I'm Sick of This Crap!

Way back in 1993 or so, I coded my first lame web page. Since then, I’ve learned some degree of HTML, Javascript, CSS, PHP, and more. I built my own personal websites on overly complicated, powerful, extensible Content Management Systems, and did the same for friends and clients.

I’m done.

Why? Because it’s not something I can do competently anymore. It’s no longer any fun to dabble in this stuff. Even the slightest tweak to CSS needs to be tested in fourteen versions of Internet Explorer, twelve different Android screen sizes, and did I mention it has to be responsive as well? HTML has as much in common with web design these days as a quill pen does with ebooks. I’m done with standards compliance, bug fixing, work-arounds for different browsers, and all the rest.

Screw it.

Today, I have moved my personal blog over here, to Tumblr. Sure, the search features are hideously broken, but it’s quick and fun to post and it has a great iPhone app.
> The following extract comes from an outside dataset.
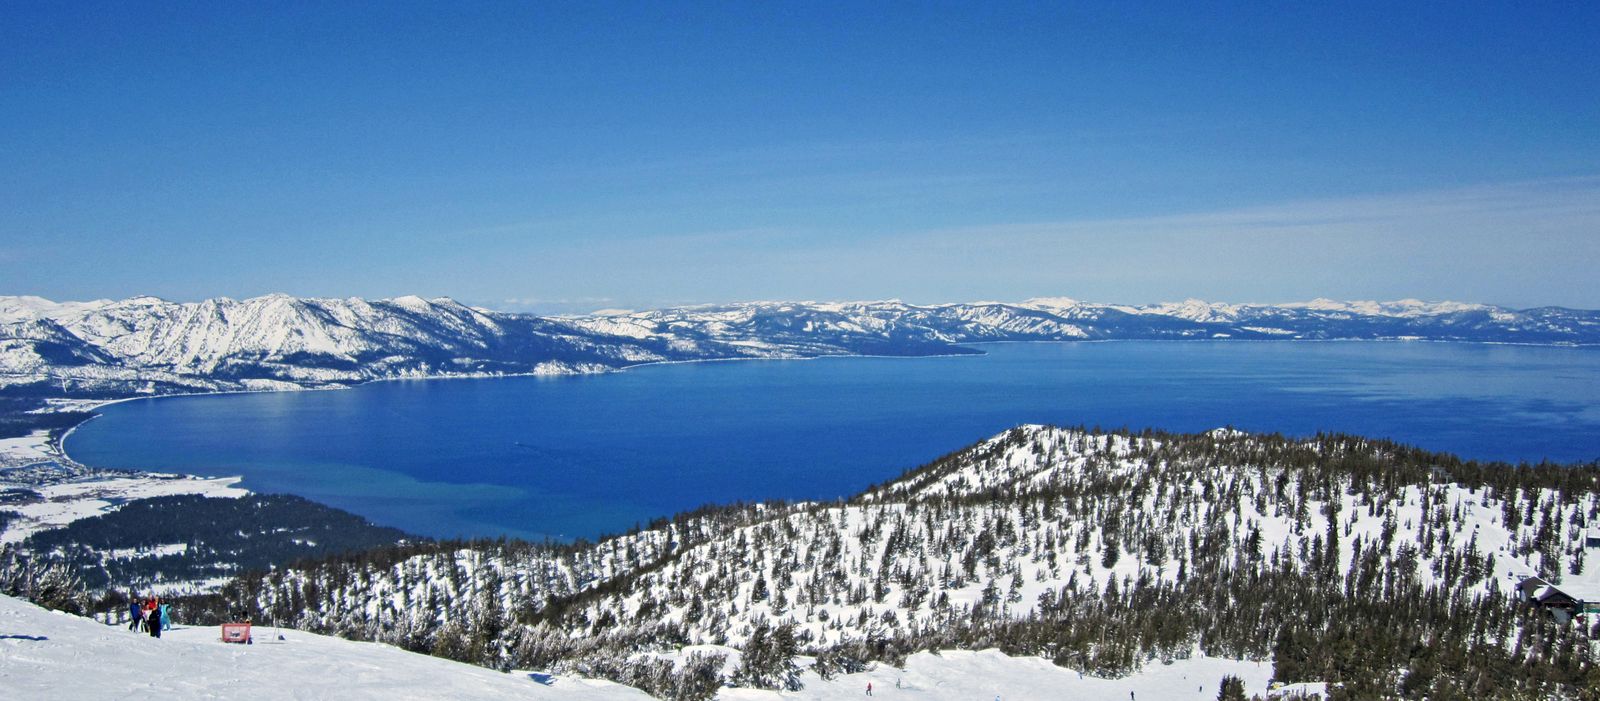 Heavenly - South Lake Tahoe

Maybe I’ll write more, now!

Yeah… write…

…um…

Hey! I replaced Tumblr’s broken-ass search field with a hideous-looking Google search engine! Did you
Notice?

…aww, who am I kidding? 90% of the reason I ever blogged was to experiment with with web technologies.

So, not quitting then. Let’s call it… err… retired!

I’m scaling back, for sure, but I’m sure I’ll drop by the old office now and then to chat with HTML5 and the other new guys, maybe drop in on the FRAMESET tag and reminisce about old times. Just so I have something to do. I can’t just sit at home all day, can I?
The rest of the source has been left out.